Rebecca Burns

Affiliation: The University of Worcester

Rebecca is a practice-based PhD researcher at the University of Worcester, working at the intersection of therapeutic landscapes, creative health, folklore, ritual, and material culture. Her doctoral project, The Oracle of Place, explores how place-based oracle cards might invite renewed attention to familiar local landscapes and help people notice, remember, and speak about ordinary places differently. Rather than treating oracle cards as predictive tools, her research examines them as material-symbolic artefacts that may shape encounters with place through chance, image, interpretation, portability, and repeated use. Rebecca holds an MA in Magic and Occult Science from the University of Exeter, and her broader practice explores everyday enchantment, seasonal ritual, and creative ways of restoring relationship with land, self, and community.

Panel: Writing Ourselves into the Land

Talk Title: A Deck of Local Belonging: Oracle Cards and the Therapeutic Potential of Ordinary Places

This paper explores how a place-based oracle deck may act as a creative research tool for inviting renewed attention to familiar local landscapes. Drawing on my practice-based PhD research in a small market town in Herefordshire, the paper considers how oracle cards might mediate the ways people notice, remember, and speak about ordinary places that are often overlooked in favour of scenic, touristic, or officially recognised heritage sites.

Rather than treating oracle cards as predictive tools, I examine them as material-symbolic artefacts whose specific properties, including chance, image, interpretation, portability, and repeated use, may shape encounters with place. I introduce the provisional concept of oracular attention to describe a form of situated noticing shaped by randomness, reflection, and imaginative association.
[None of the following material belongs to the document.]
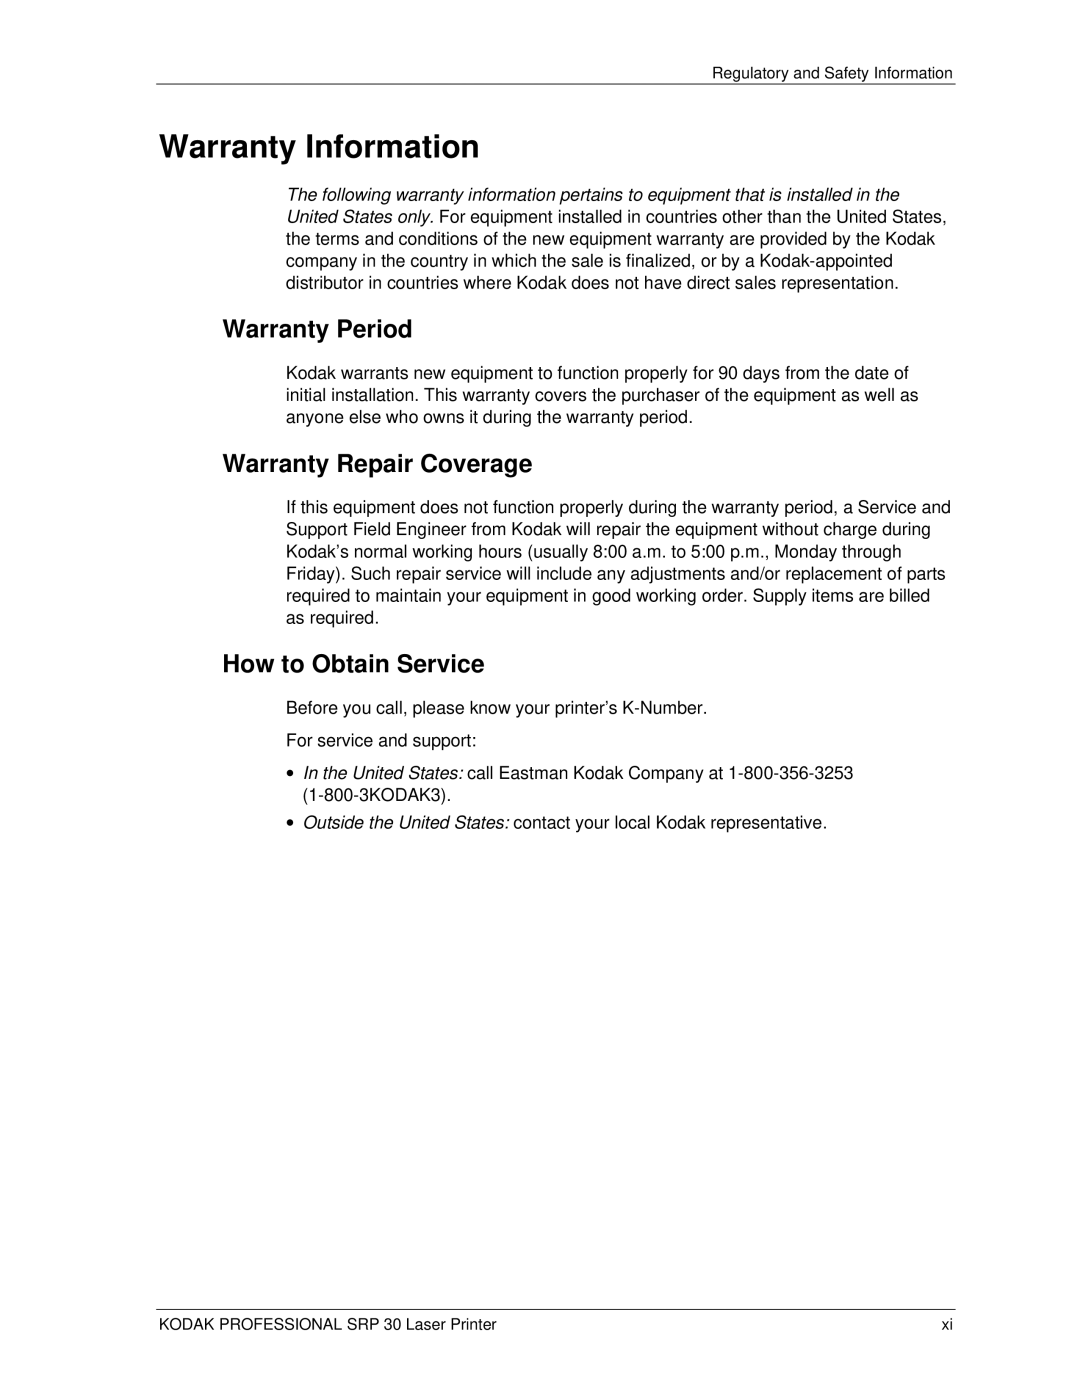 Kodak SRP 30 manual Warranty Information, Warranty Period, Warranty Repair Coverage, How to Obtain Service 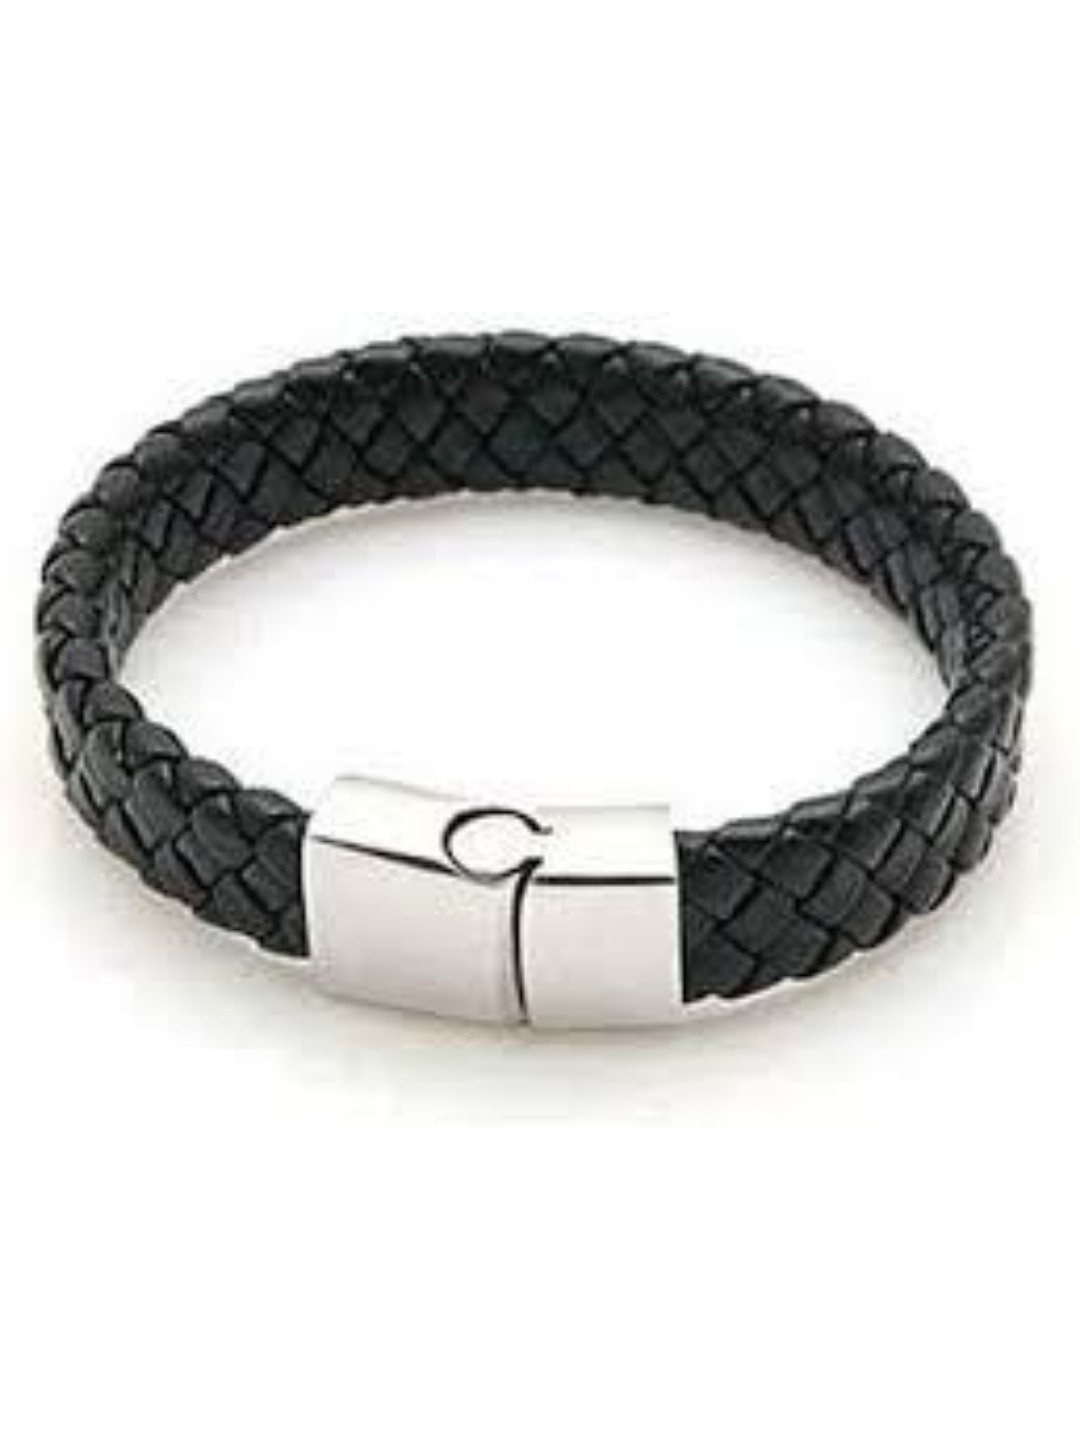 Avrum Black Leather Bracelet

The paper asks how creative, folkloric, and ritualised methods might help keep local knowledge alive without fixing it into static heritage. In doing so, it considers the oracle deck as a way of connecting to our local places through repeated acts of drawing, noticing, remembering, and returning. It suggests that the therapeutic potential of ordinary places may lie partly in the processes through which they are revisited, reinterpreted, and brought back into meaningful circulation as sites of memory, story, and belonging.